闻言,手冢微微眯起了眼。却见一直躺在客厅里的南次郎却也一并来到门前,“哟~阿毅那家伙还好吗?”
“叔父在10年前便查出了患有肿瘤……恶性的。”
“虽然之后有做过手术切除,不过那也就只是一时的手段而已。”手冢觑了越前一眼,随即将目光转回到离千柔身上。“癌细胞如今已经扩散的很严重了,医院业已下达了病危通知书。叔父的生命,恐怕最多不过再延续一个月……”
饶是如此悲伤的话语,手冢依然坚持着用一贯的肃敛语气将一切的原委尽数道出。“叔父可能在下一秒就会死去。”
“即使明白了这一点,你仍然固执的想要与他相见吗?”
“!!——”
越前心头一凛,当即明白了这句话中所蕴含着的深重所在。
这就是手冢一家人,所小心翼翼,努力维护住的,秘密。
纵使是被怨恨也无所谓。
纵使是很寂寞也请你忍耐。
生离死别,孰重孰轻?我们宁可你抱有着最后一丝残存的希望,一直期待着能够在世界的某个角落里与父亲重逢。只要还活着,只要人生还未结束,你一定能够再度燃起重重的希望。
而不是去见到那个,行将朽木枯骨一堆的父亲,看着他全身插满了输液软管依靠着营养液和机器来维持生命的凄惨模样,甚至是,亲眼看着他,就在自己眼前,离开这个世界。
不能让你拥有手冢的名字。
那是因为更不想要去耽误你的母亲未来几十年的人生旅途,希望她能够找到新生,而不是固执的沉溺于这段无望的恋情里,为着早早逝去的丈夫,披麻戴孝,孤寡一声。

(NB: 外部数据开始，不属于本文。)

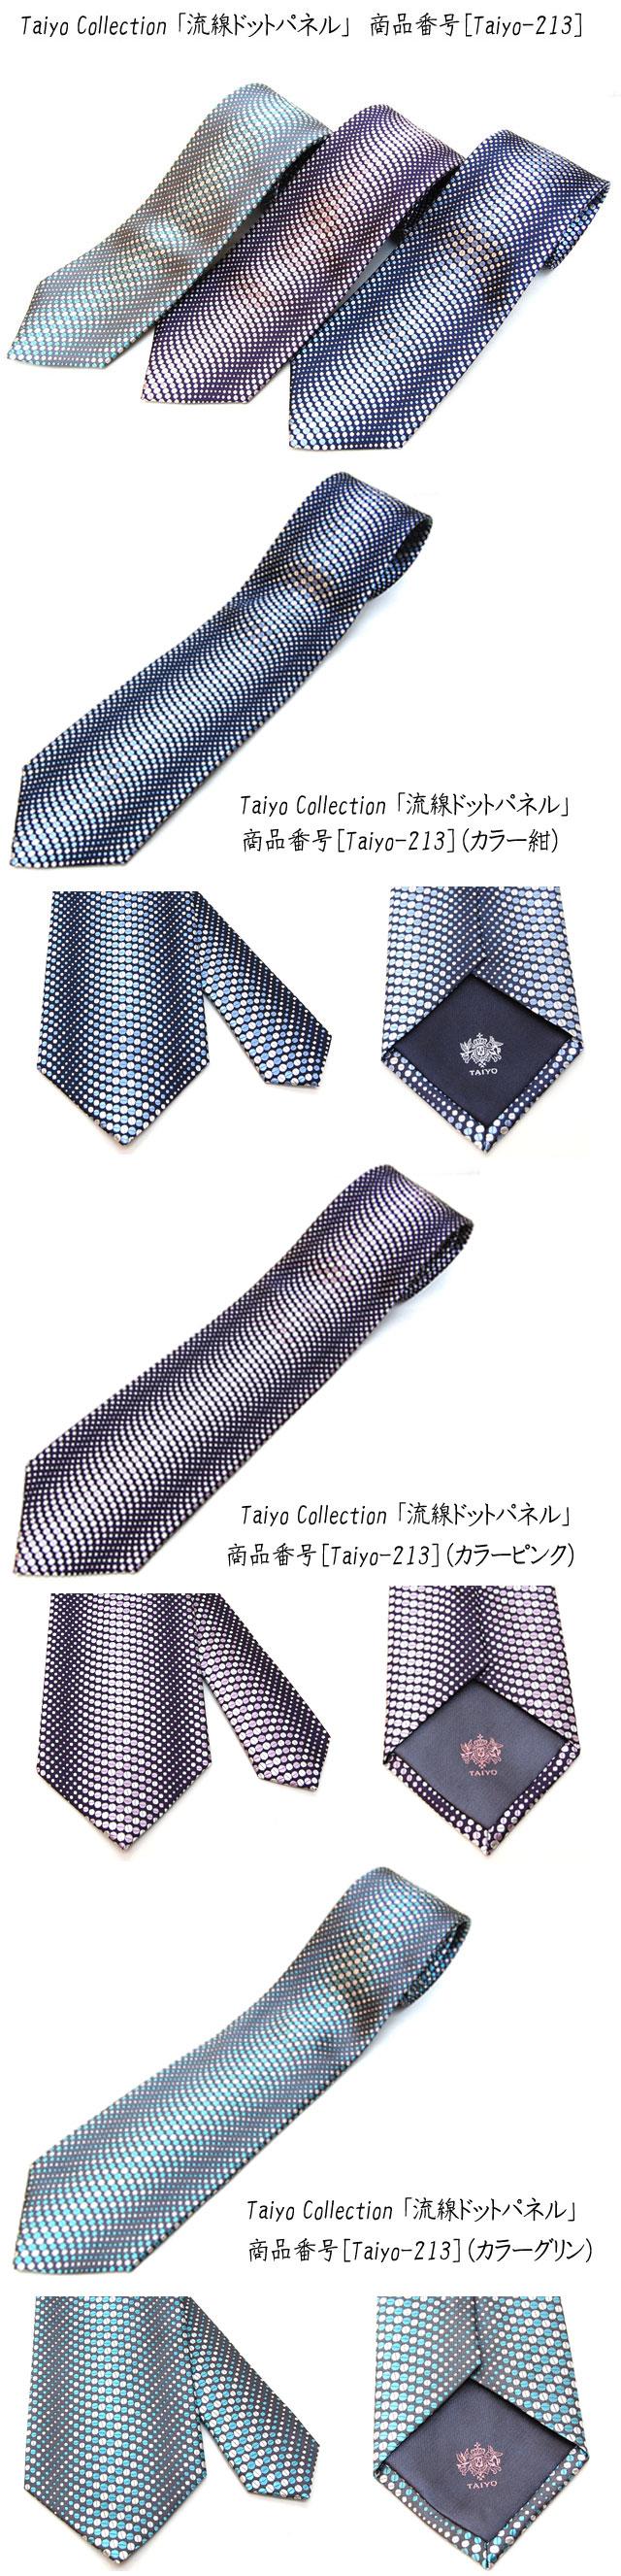 taiyo-213-2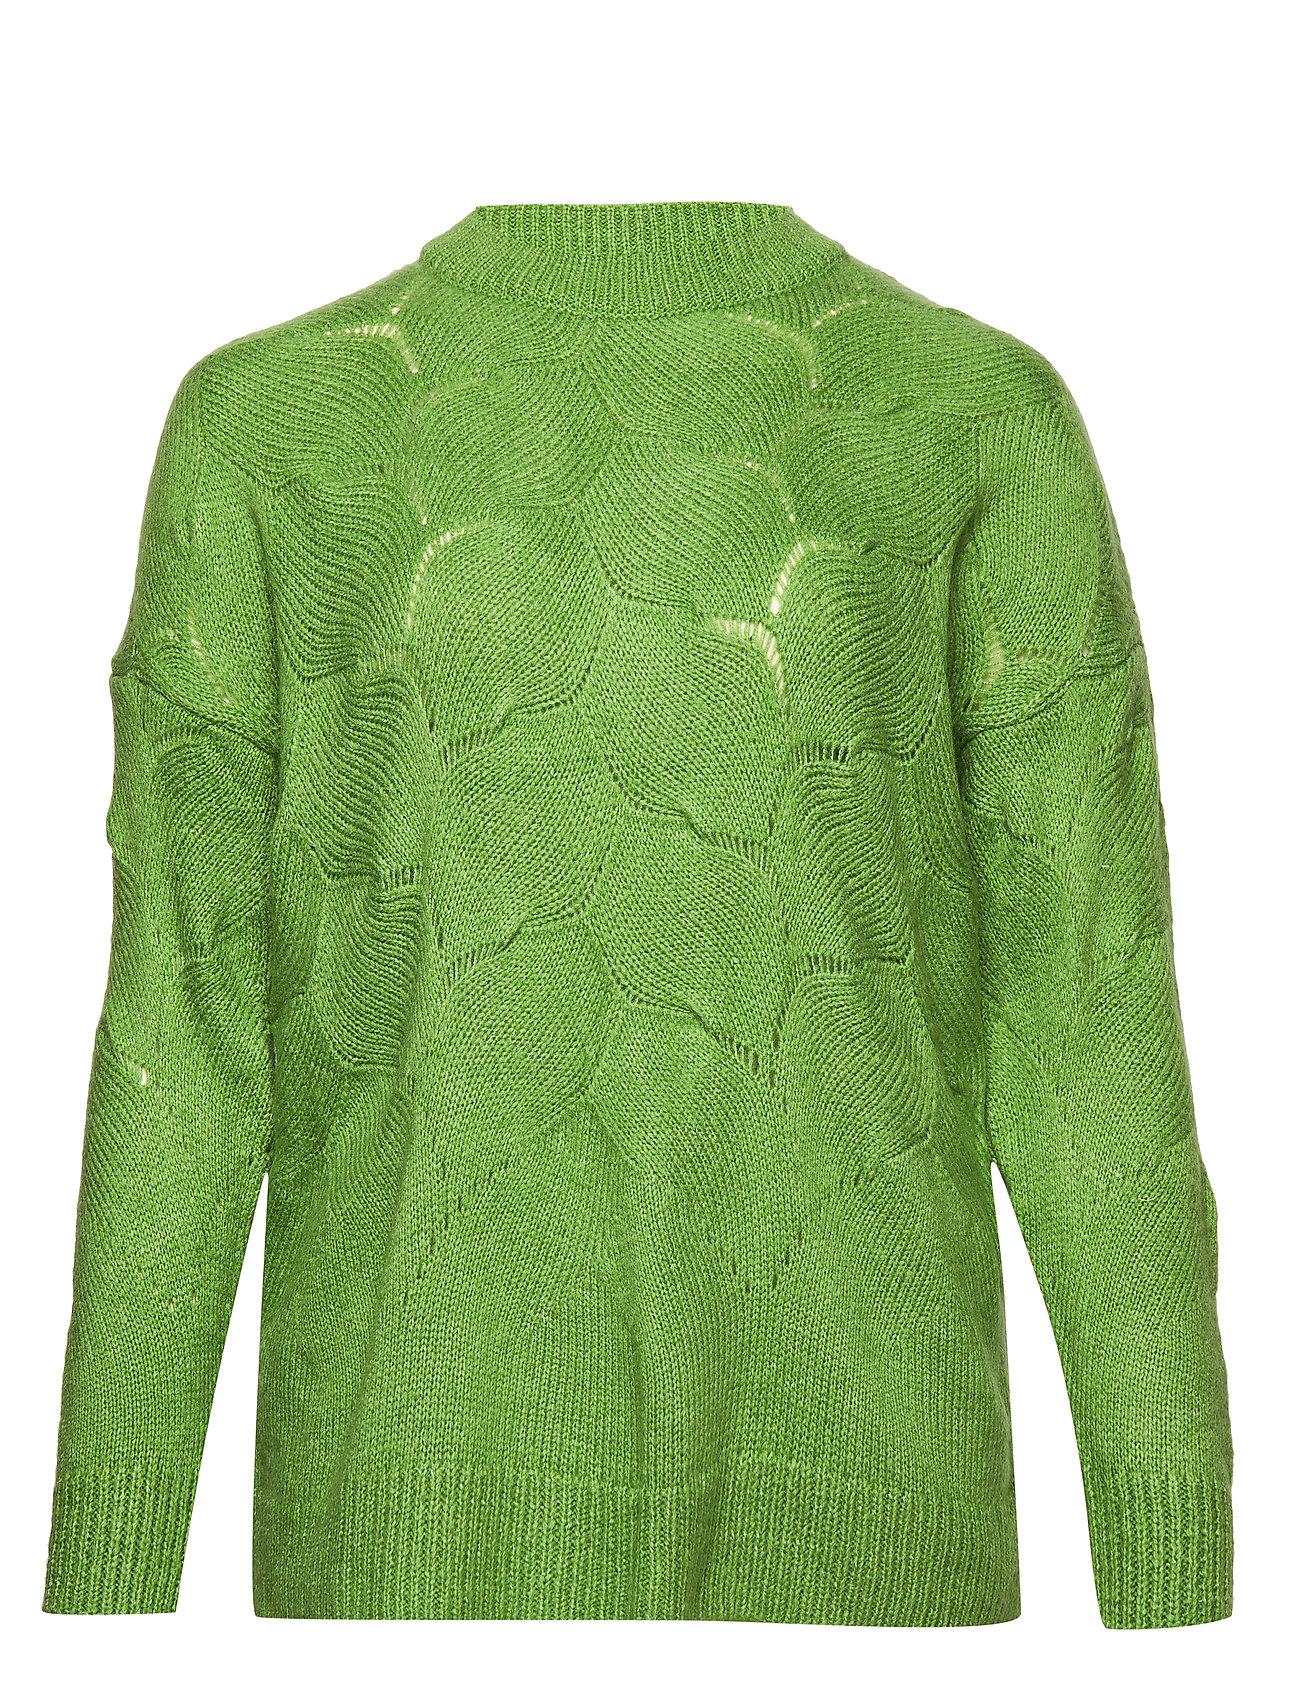 Violeta by Mango Openwork knit sweater - GREEN

只要不去见证,只要不去亲眼见证着一切的话……根据你所观测到的那种真实,你的父亲还活着。依旧是昔年那风华正茂书生意气的晴朗模样,甚至还有可能在某个特定的时间点与你重逢。
“即使如此仍然想要相见吗?”
手冢将问题重复了一遍。
越前沉默,只一味注视着离千柔低垂的睫毛。从这里并不能看清楚她如今表情的越前心下猜想,她应该是不会流泪的吧。
坚强如斯的离千柔,定是不会为此而,再流泪的。
越前垂眸以待。玄关处在片刻的静默之后,离千柔忽而“咚”的一声,重重的,点头了。
“我想要去到那里。”
少女如是说道,那清澈的眼眸中有着让人不敢直视的纯洁与真挚。
“即使如此,我也还是想要一直相伴着——直到生命的尽头。”
“哪有这么多无聊无聊乱七八糟的理由啊!那个人是我的父亲不是吗?与我血脉相依的,自我降生之日起就已经建立了无论如何都无法分割的联系的,我应当称之为父亲的人,不是吗?”